Für die Reinigung des Ofenrohrs, also des Verbindungsstücks von Kaminofen und Schornstein, ist aber der Ofenbesitzer selbst verantwortlich. Setzt sich im Rohr zu viel Ruß ab, kann sich dieser entzünden und einen Rußbrand, oft auch Schornstein- oder Kaminbrand genannt, verursachen. Außerdem verschlechtern sich die Brenneigenschaften des Ofens, wenn das Rohr nicht völlig frei ist, weil er schlechter Luft zieht.

Mindestens einmal pro Heizperiode sollte man deshalb den Rauchabzug seines Kamin- oder Kachelofens reinigen. Dafür öffnet man das Ofenrohr und löst mit einer speziellen Bürste die Rußablagerungen. Um Verschmutzungen der Umgebung zu vermeiden, bewegt man die Bürste dabei am besten von der Öffnung weg. Zusätzlich sollte man in der unmittelbaren Umgebung Zeitungspapier oder eine Plane auslegen. Wie genau die Reinigung des Ofenrohrs funktioniert, zeigen wir im Video.

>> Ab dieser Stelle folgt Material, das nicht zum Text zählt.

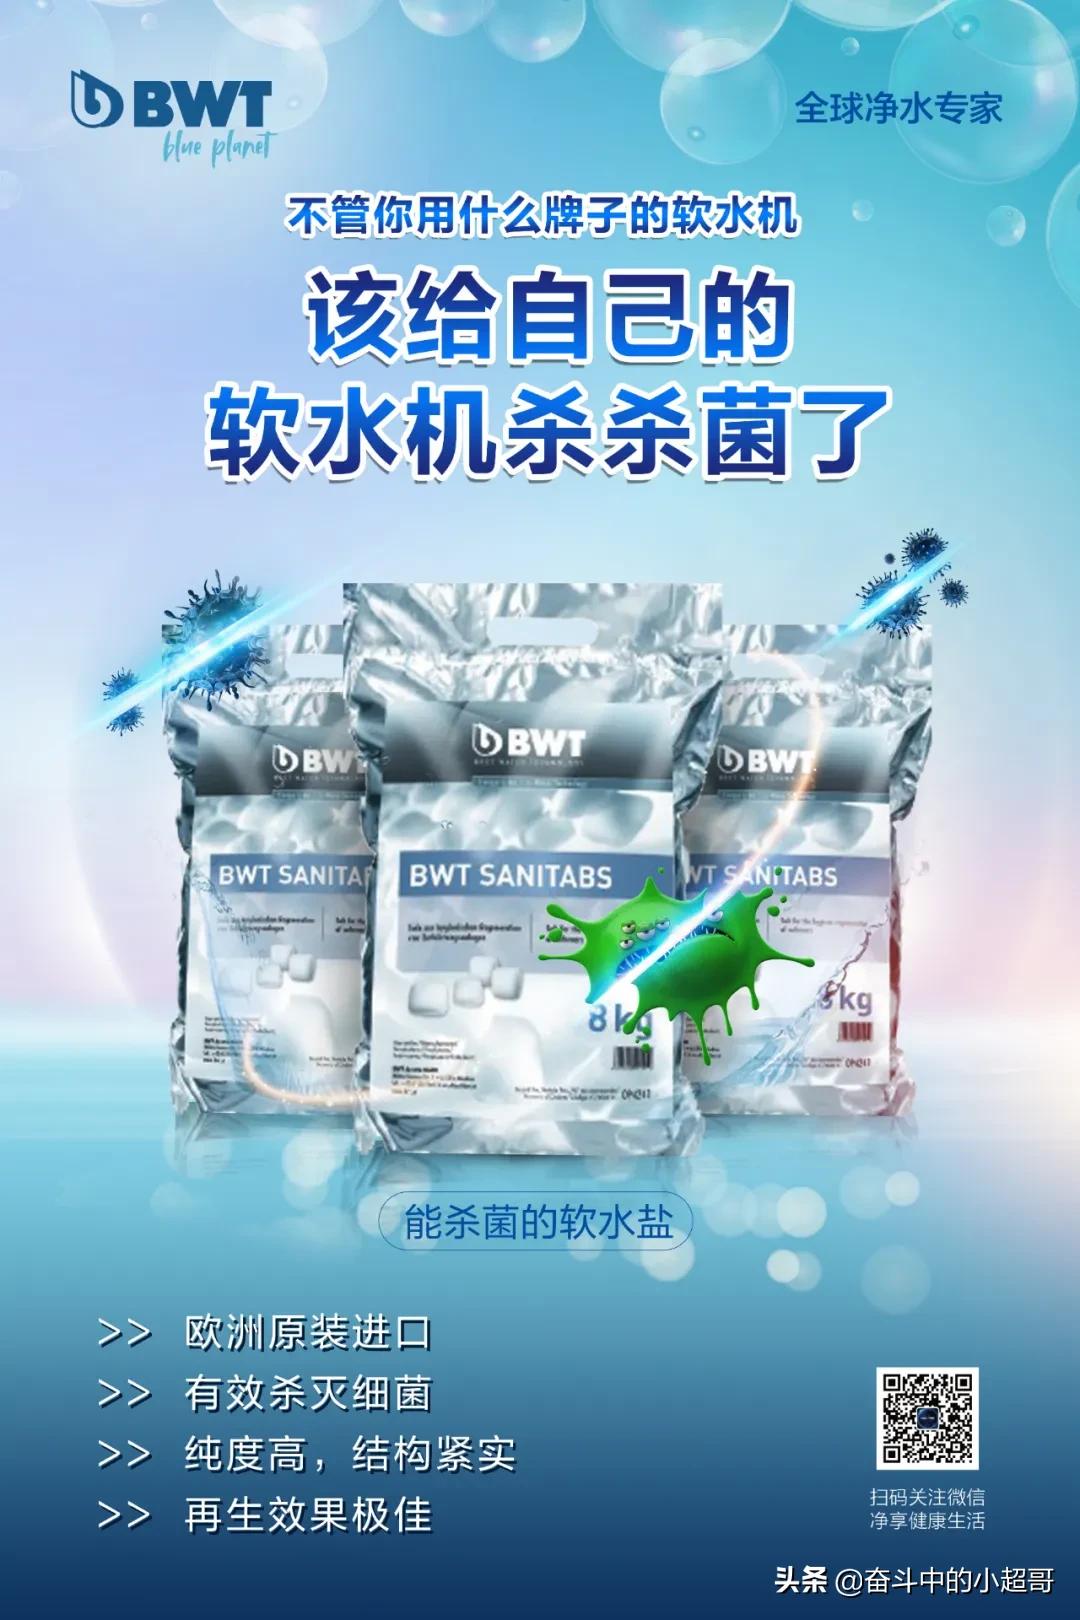 如何让家庭饮用水中的抗生素污染无处遁形?

Ursachen für verstärkte Rußbildung

Starke Rußbildung deutet übrigens immer auf Probleme bei der Verbrennung hin. Den Ursachen sollte man auf den Grund gehen. Oft liegt es daran, dass zu feuchtes Holz oder nicht zugelassene Brennstoffe verfeuert wurden.

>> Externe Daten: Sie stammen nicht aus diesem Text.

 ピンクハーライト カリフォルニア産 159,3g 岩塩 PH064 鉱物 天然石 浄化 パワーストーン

Kaminholz sollte mit einer Restfeuchte zwischen 15 und 20 Prozent verbrannt werden. Um den Feuchtegehalt im Holz zu bestimmen, gibt es im Handel günstige Messgeräte, die meist um die 20 Euro kosten. Papier darf generell nicht – auch nicht zum Anheizen – im Kaminofen verbrannt werden.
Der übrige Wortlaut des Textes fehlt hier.